BFH I. Senat
EStG § 5 Abs 1 S 1, KStG § 8 Abs 1 S 1, KStG § 27 Abs 2, KStG § 37 Abs 2, GewStG § 7 S 1, HGB § 255 Abs 5 S 6, HGB § 266 Abs 2, EStG VZ 2005 , HGB § 92 Abs 4, FGO § 118 Abs 2
vorgehend FG Münster, 20. December 2011, Az: 9 K 3802/08 K,G,F,Zerl
Leitsätze
NV: Zwar gehört die Ermittlung des Inhalts der von den Vertragsparteien abgegebenen Willenserklärungen (hier: Vereinbarung aufschiebend bedingter Provisionsansprüche eines Versicherungsvertreters) zu den tatsächlichen Feststellungen des vorinstanzlichen Urteils. Die hierfür in § 118 Abs. 2 FGO grundsätzlich vorgesehene Bindung des Revisionsgerichts entfällt jedoch, wenn die Würdigung des FG mangels hinreichender tatsächlicher Feststellungen nicht nachvollzogen werden kann und die Vorinstanz die für die Auslegung bedeutsamen Begleitumstände nicht erforscht hat. Gleiches gilt, wenn das FG eine naheliegende Auslegungsmöglichkeit nicht in Betracht gezogen hat.
Tatbestand
I. Die Klägerin, Revisionsklägerin und Anschlussrevisionsbeklagte (Klägerin), eine GmbH, vermittelte in den Streitjahren (2003 bis 2005) Rückdeckungsversicherungen der X-Versicherung (X) sowie der L-Versicherung (L) für aus der Umwandlung von Arbeitslohn entstandene Ansprüche auf betriebliche Altersvorsorge. Zwischen den Beteiligten ist streitig, ob die Klägerin die sog. stornobehafteten Teile ihrer Vermittlungsprovisionen zu aktivieren hatte und ‑‑soweit dies der Fall ist‑‑ ob für diese Beträge Rückstellungen zu bilden waren.

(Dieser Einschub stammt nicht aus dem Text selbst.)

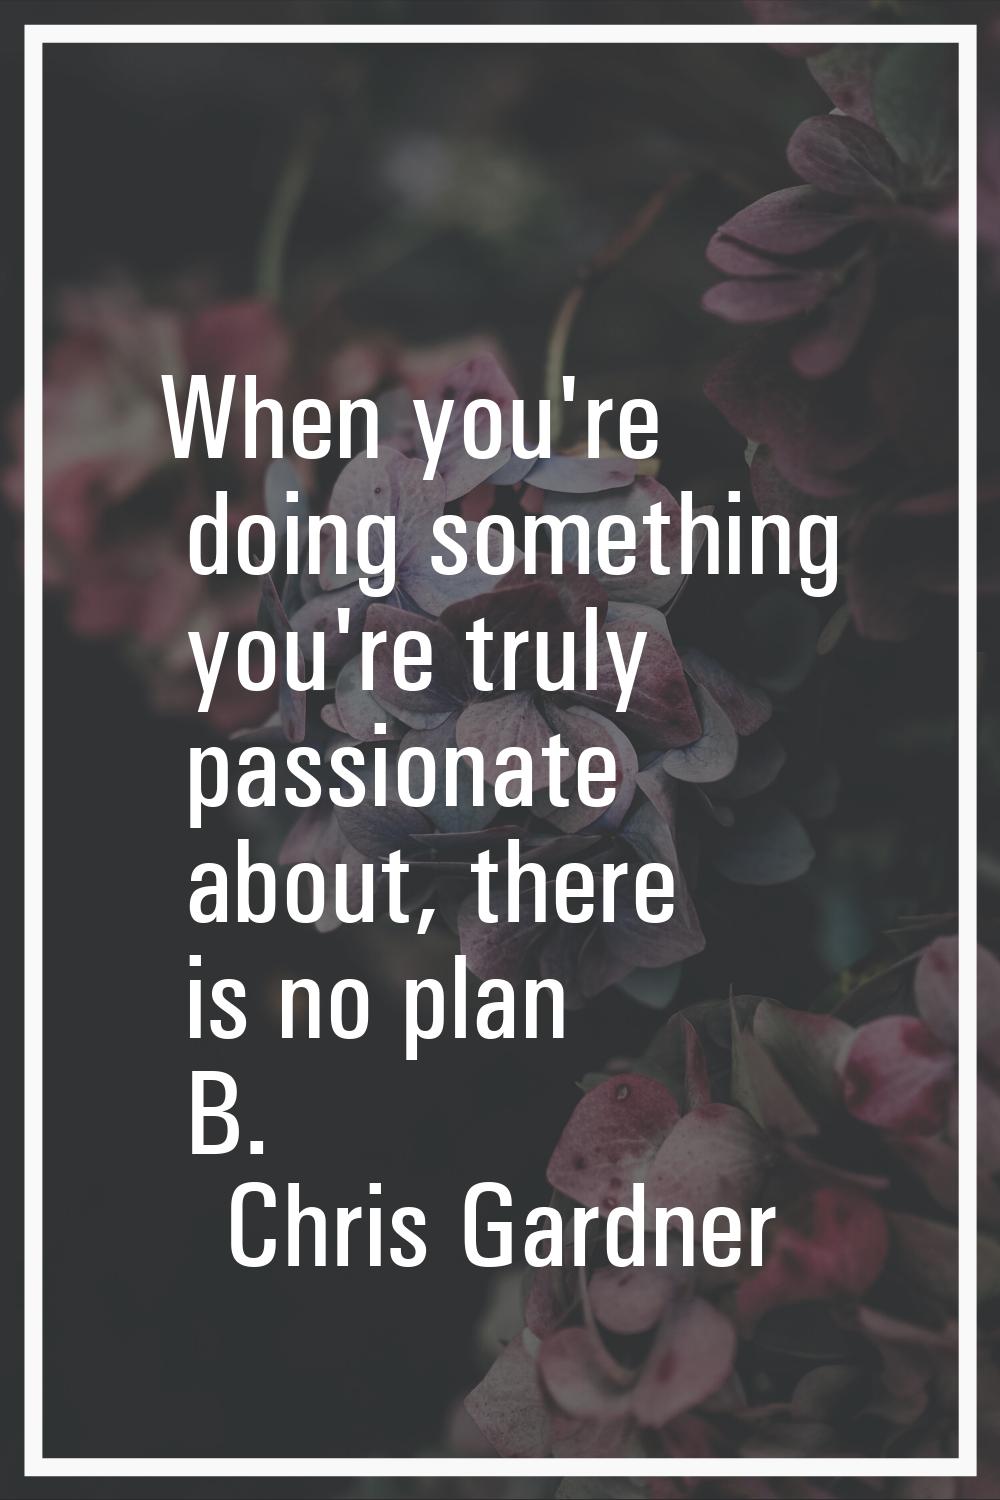 When you're doing something you're truly passionate about, there is no plan B.

In den jeweils auf den 31. Dezember erstellten Jahresabschlüssen der Klägerin wurden die Provisionsumsätze aktiviert ‑‑2003: … € (X); 2004: … € (X) zzgl. … € (L); 2005: … € (X) zzgl. … € (L)‑‑ und die von den Versicherungen bestätigten stornobehafteten Anteile als Rückstellungen passiviert ‑‑2003: … € (X); 2004: … € (X) zzgl. … € (L); 2005: … € (X) zzgl. … € (L)‑‑. Für sämtliche Streitjahre ergaben sich Fehlbeträge (2003: … €; 2004: … €; 2005: … €) mit der Folge, dass der Beklagte, Revisionsbeklagte und Anschlussrevisionskläger (das Finanzamt ‑‑FA‑‑) entsprechend den abgegebenen Erklärungen die Körperschaftsteuer und die Gewerbesteuermessbeträge auf jeweils 0 € festsetzte sowie die verbleibenden Verlustabzüge zur Körperschaftsteuer und Gewerbesteuer feststellte. Der Bestand des Einlagenkontos wurde zum Ablauf der Streitjahre in Höhe von jeweils 0 €, das Körperschaftsteuerguthaben auf jeweils 49 € festgestellt (§ 27 Abs. 2 und § 37 Abs. 2 des Körperschaftsteuergesetzes 2002 ‑‑KStG 2002‑‑).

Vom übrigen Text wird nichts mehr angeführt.